→ WHAT TO DO: Every line of the listing below is to be duplicated exactly, with the pictures left out.

→ MATERIAL PROVIDED:
-.-.-

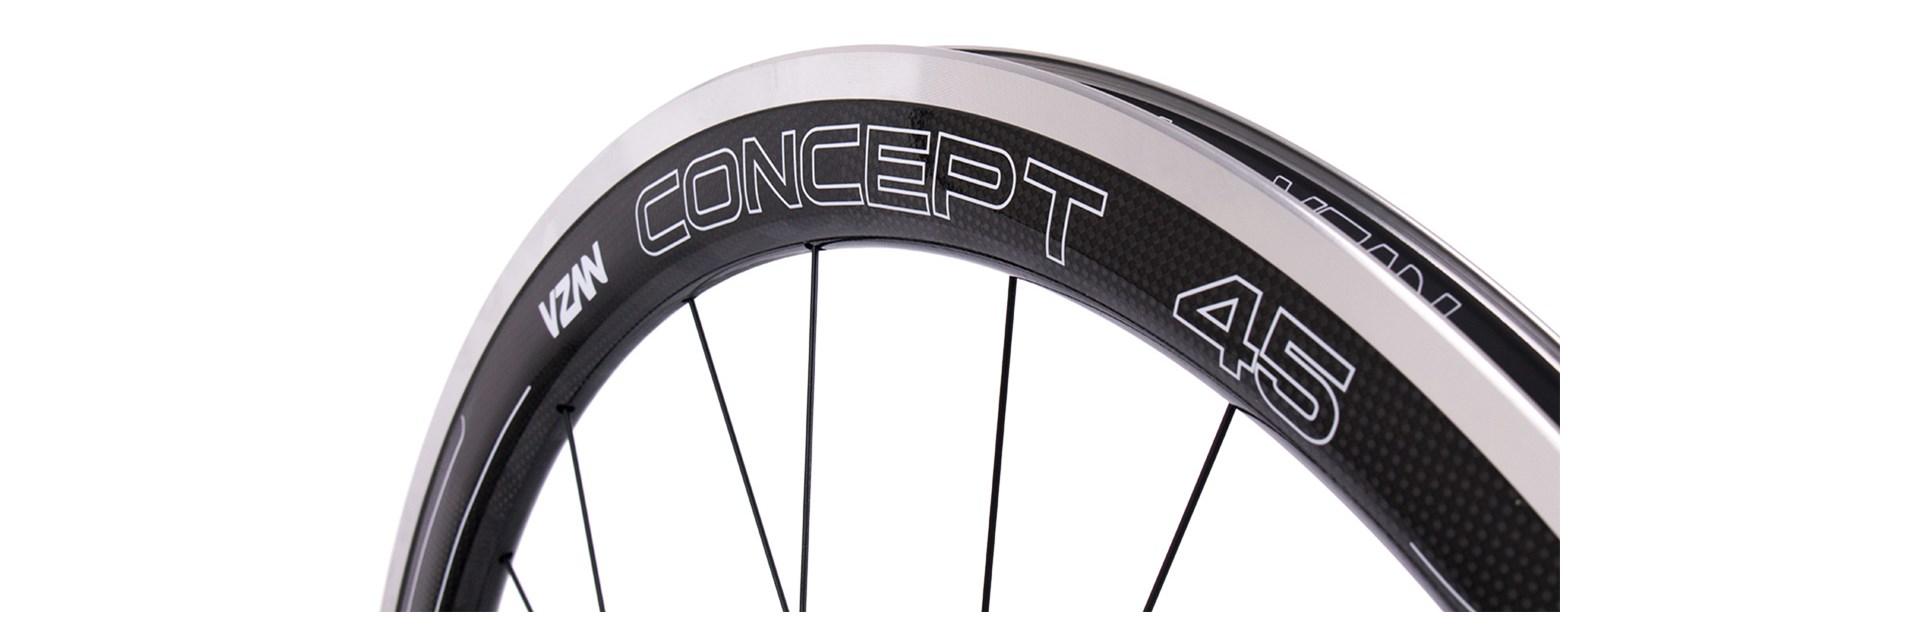 Roda Concept Carbon 45C
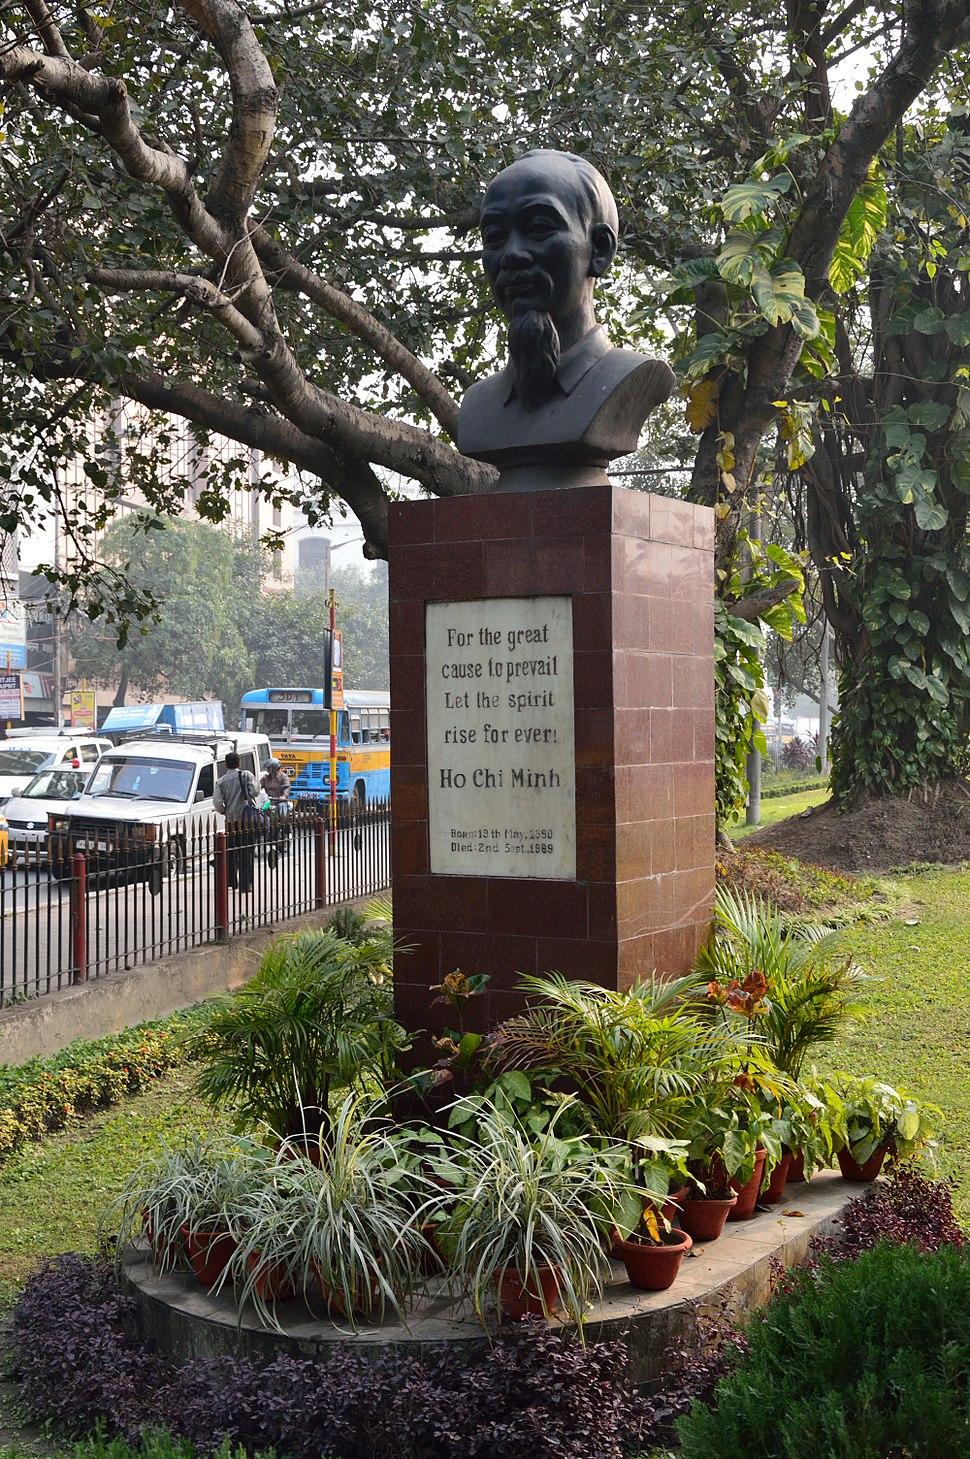 Ho Chi Minh - Bust - Chowringhee Road - Kolkata 2013-01-05 2465
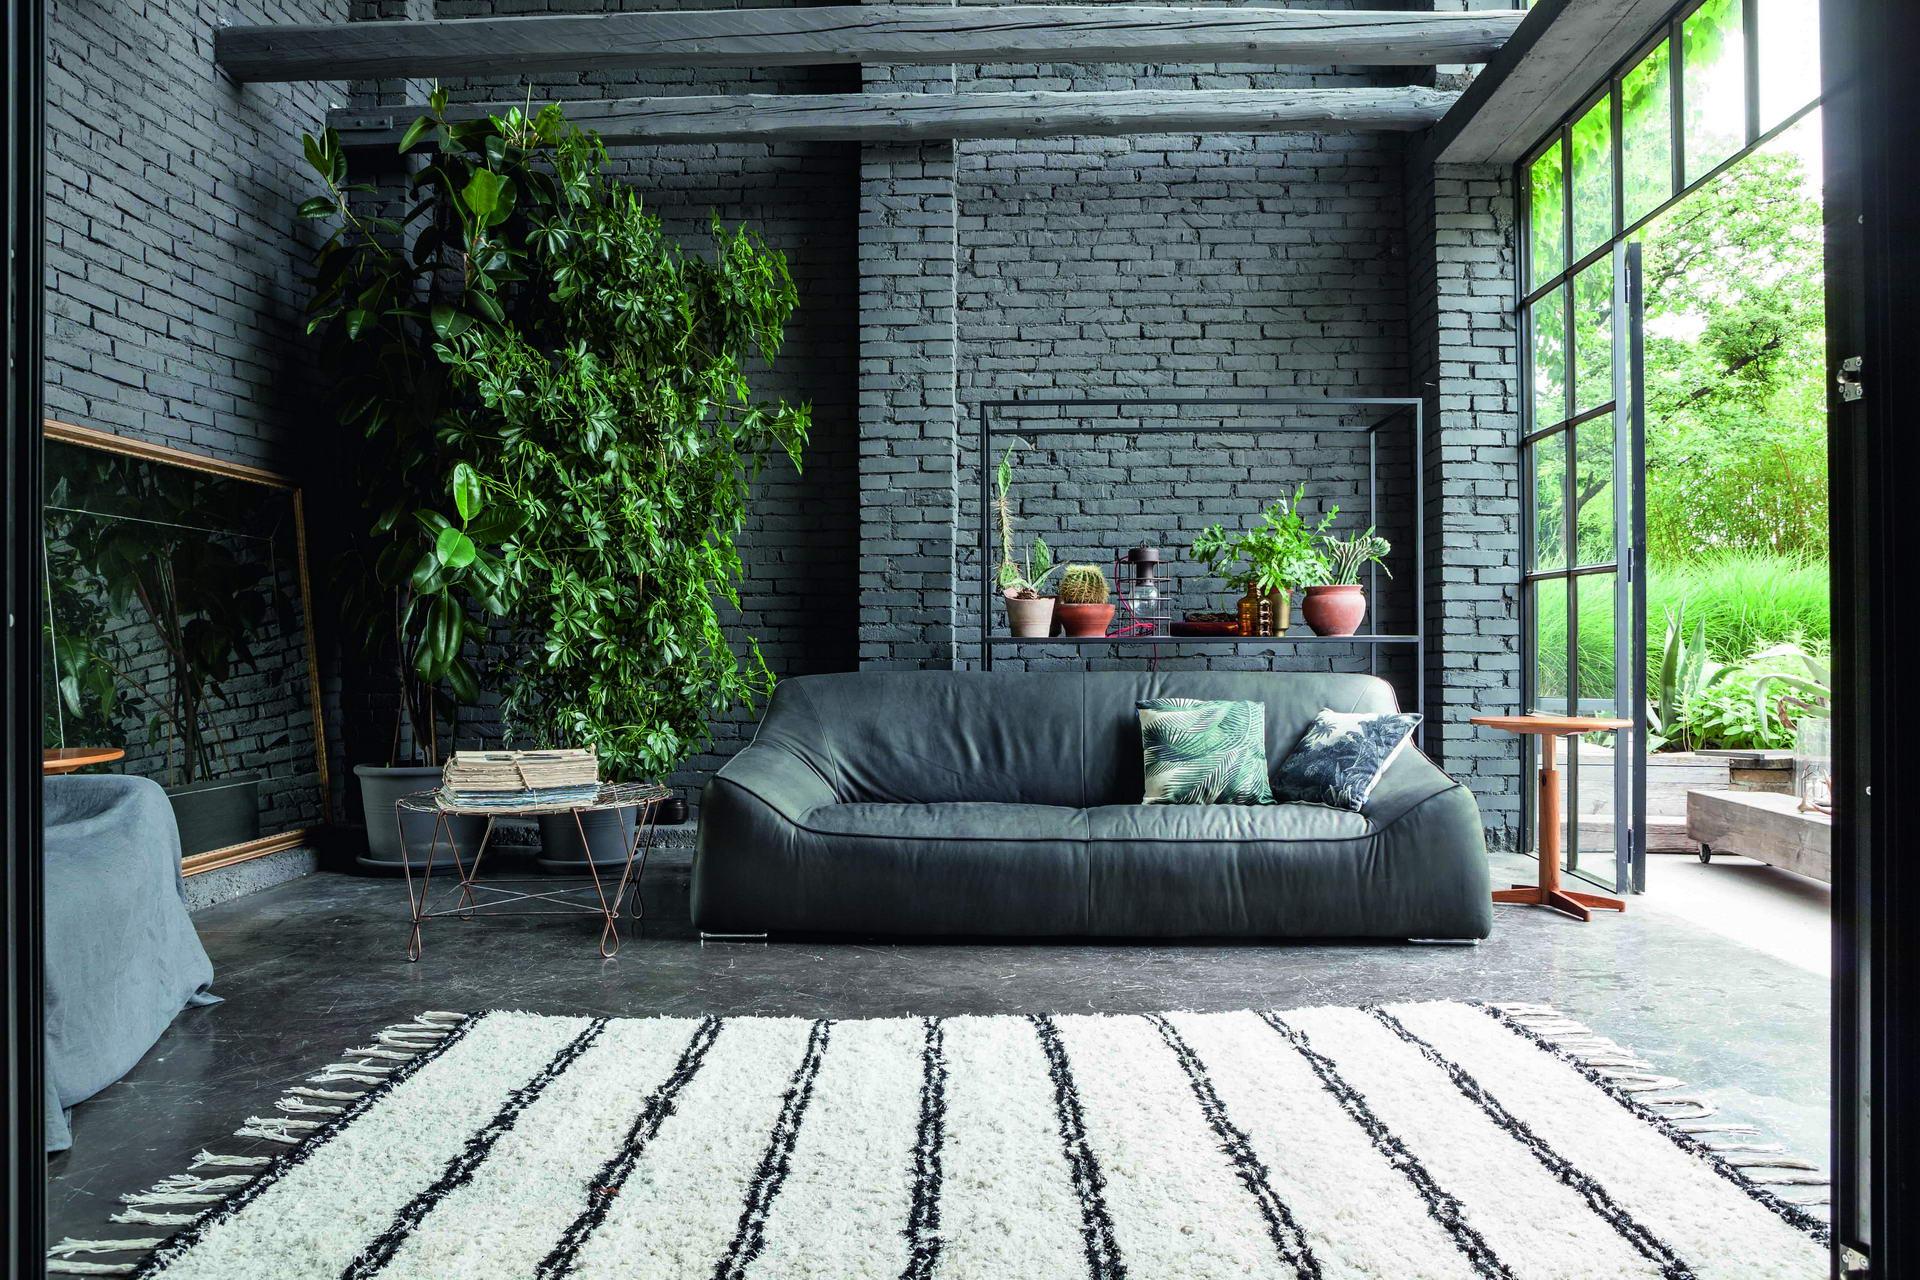 Mueble tapizado clásico en azul

-.-.-

→ RESULT:
 Roda Concept Carbon 45C
 Ho Chi Minh - Bust - Chowringhee Road - Kolkata 2013-01-05 2465
 Mueble tapizado clásico en azul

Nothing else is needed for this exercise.